Project description:Propionibacterium freudenreichii is used as a ripening culture in Swiss cheese manufacture. It produces flavor compounds over the whole ripening period. During cheese ripening, P. freudenreichii is exposed to a temperature downshift, especially when cheeses are transferred from warm temperature (about 24°C) to cold temperature (about 4°C). The aim of this study was to investigate the adaptation of P. freudenreichii at cold temperature by means of the first global gene expression profile for this species. The temporal transcriptomic response of P. freudenreichii was analyzed at five times of growth, during growth at 30°C then for 9 days at 4°C, in the constant presence of lactate as the main carbon source.

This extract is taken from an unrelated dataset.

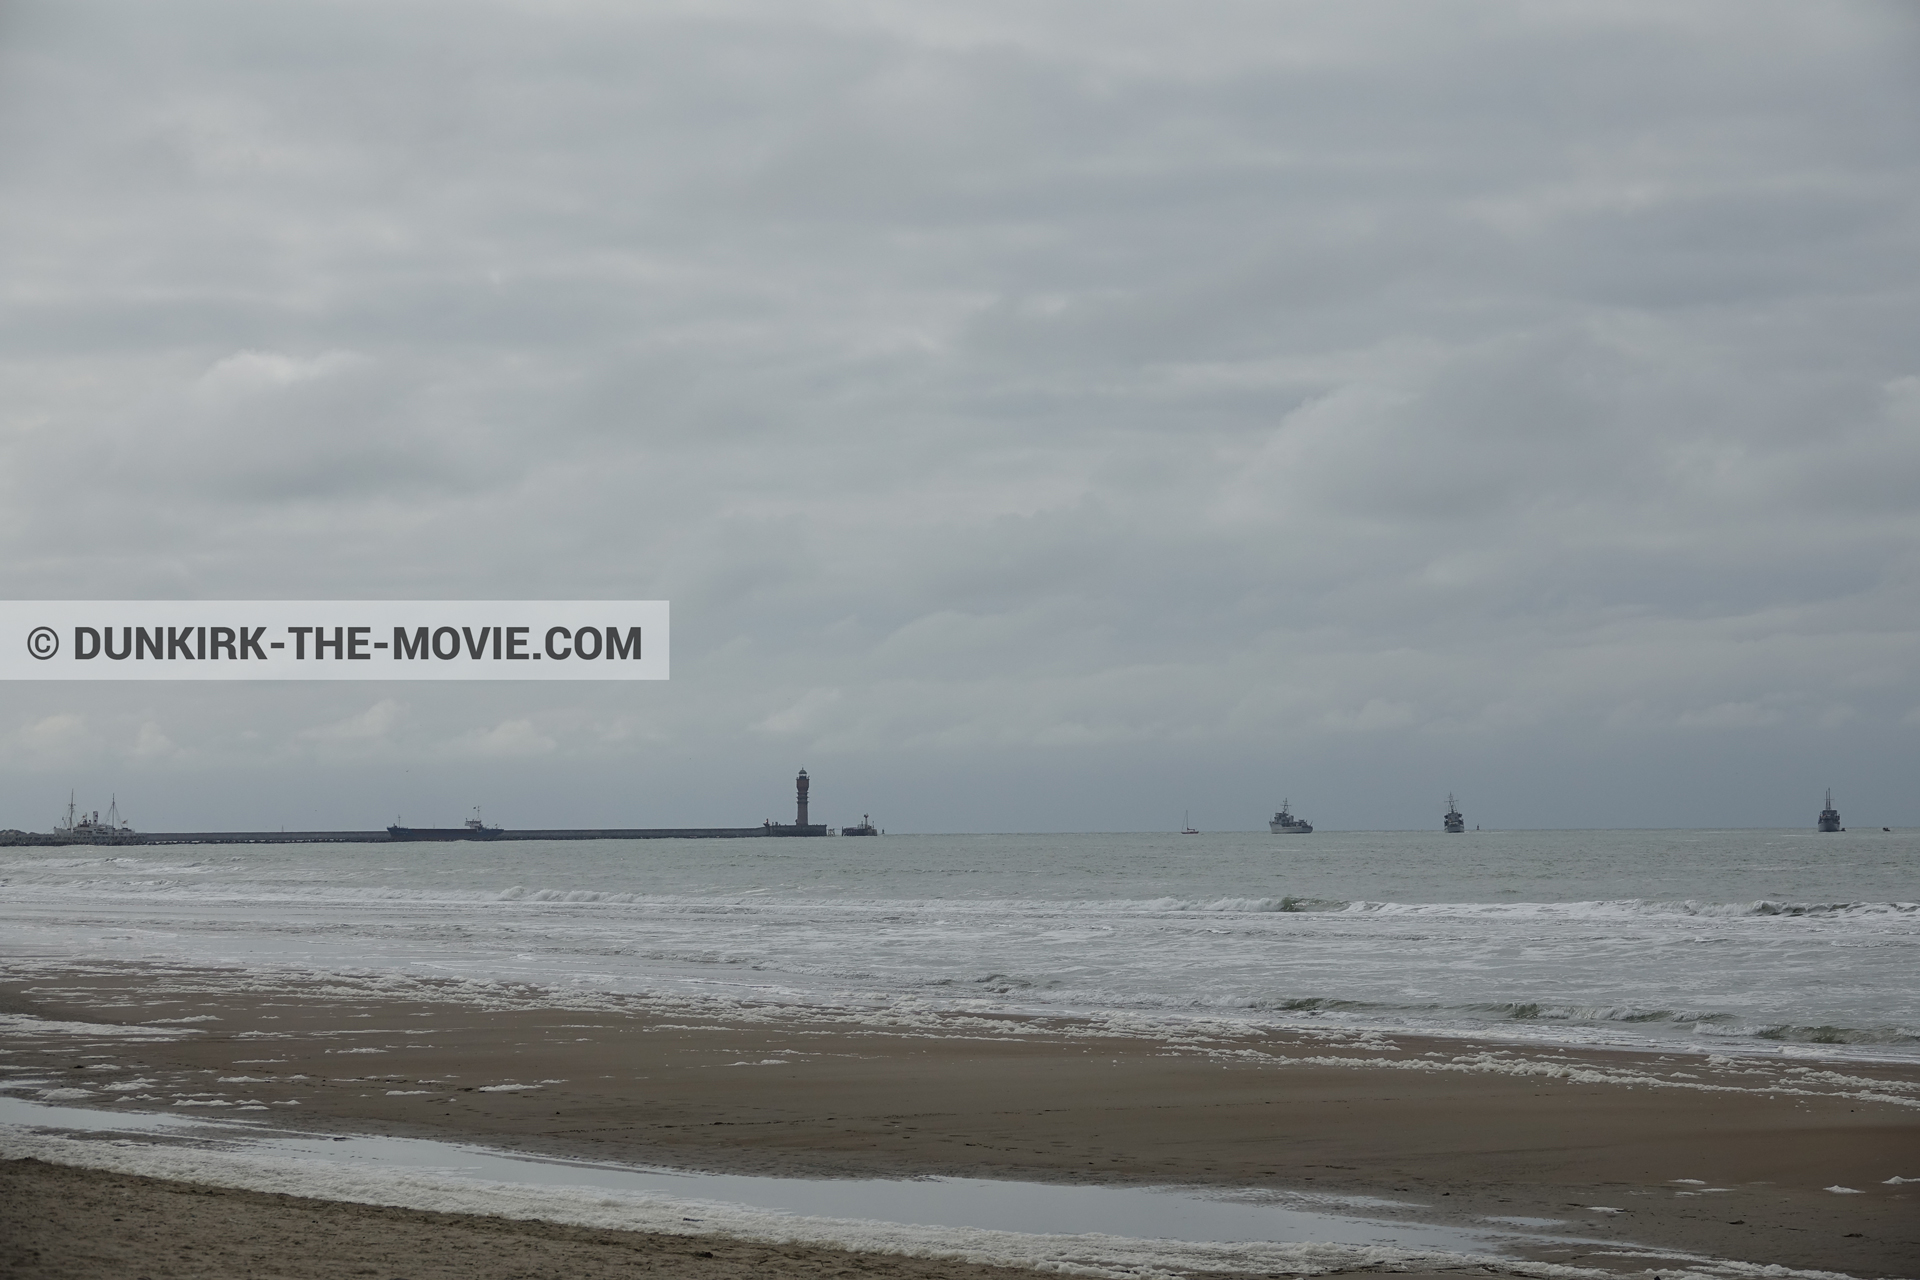 Fotos con barco, cielo nublado, Malo les Bains, faro de Saint-Pol-sur-Mer, playa,  durante el rodaje de la película Dunkerque de Nolan
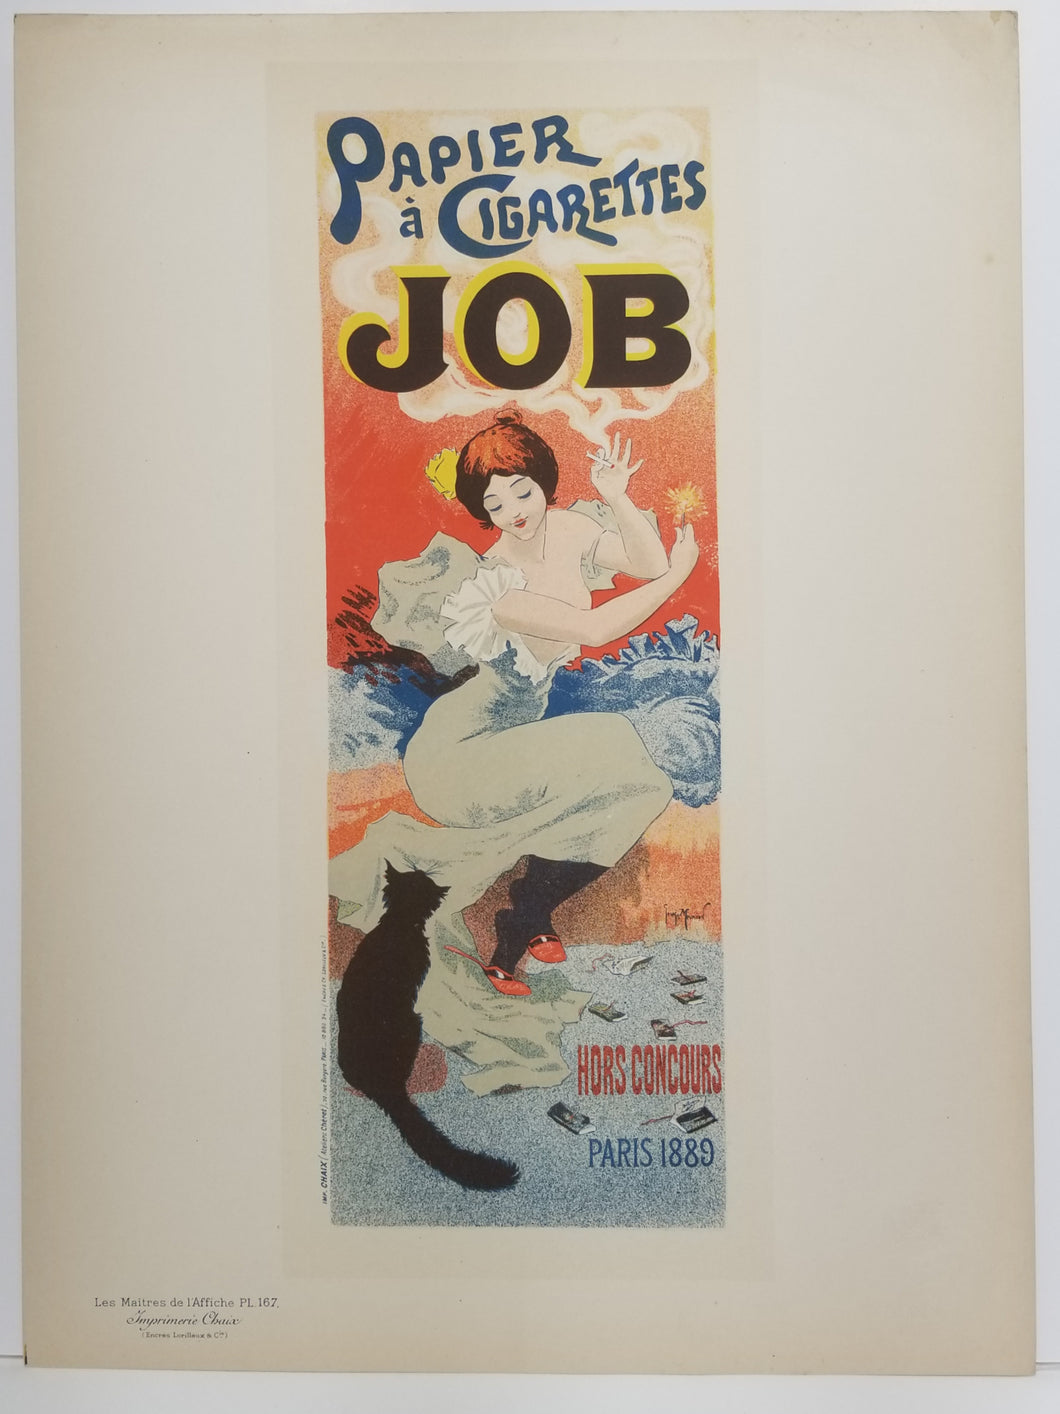 Papier à Cigarettes Job. 1894-1899.

P. freudenreichii response was also investigated by RT-qPCR for 30 genes, by proteomics and metabolomics (main metabolites quantified in culture supernatant). Microarray analysis revealed that 565 genes (25% of the protein-coding sequences of P. freudenreichii genome) were differentially expressed during transition from warm to cold temperature (P < 0.05 and |fold change| > 1). Most of the down-expressed genes were involved in cell machinery (cell division, protein turnover, translation, transcription and DNA replication). During incubation at cold temperature, P. freudenreichii accumulated carbon supplies by up-regulating genes involved in lactate, alanine and serine conversion to pyruvate, in gluconeogenesis and in glycogen synthesis. Interestingly, some genes involved in the formation of important flavor compounds of cheese, coding for an extracellular lipolytic esterases and enzymes of the pathways of formation of branched-chain compounds, were not significantly affected by cold. In conclusion, P. freudenreichii is metabolically active at cold temperature and induces pathways to maintain its long-term viability, which could explain its contribution to cheese ripening even at low temperature. Gene expression was measured in the middle of exponential growth phase at 30°C (20 h, OD650 ≈ 0.5), at the end of exponential growth phase (40 h, OD650 ≈ 2), and after 3, 6 and 9 days of incubation at 4°C. Three independent biological experiments were performed at each time (20h, 40h, 3, 6 and 9 days) and labelled A, B, C. One technical repetition was performed using the RNA of the 20HA sample ; This technical repetition was labelled 20HAbis.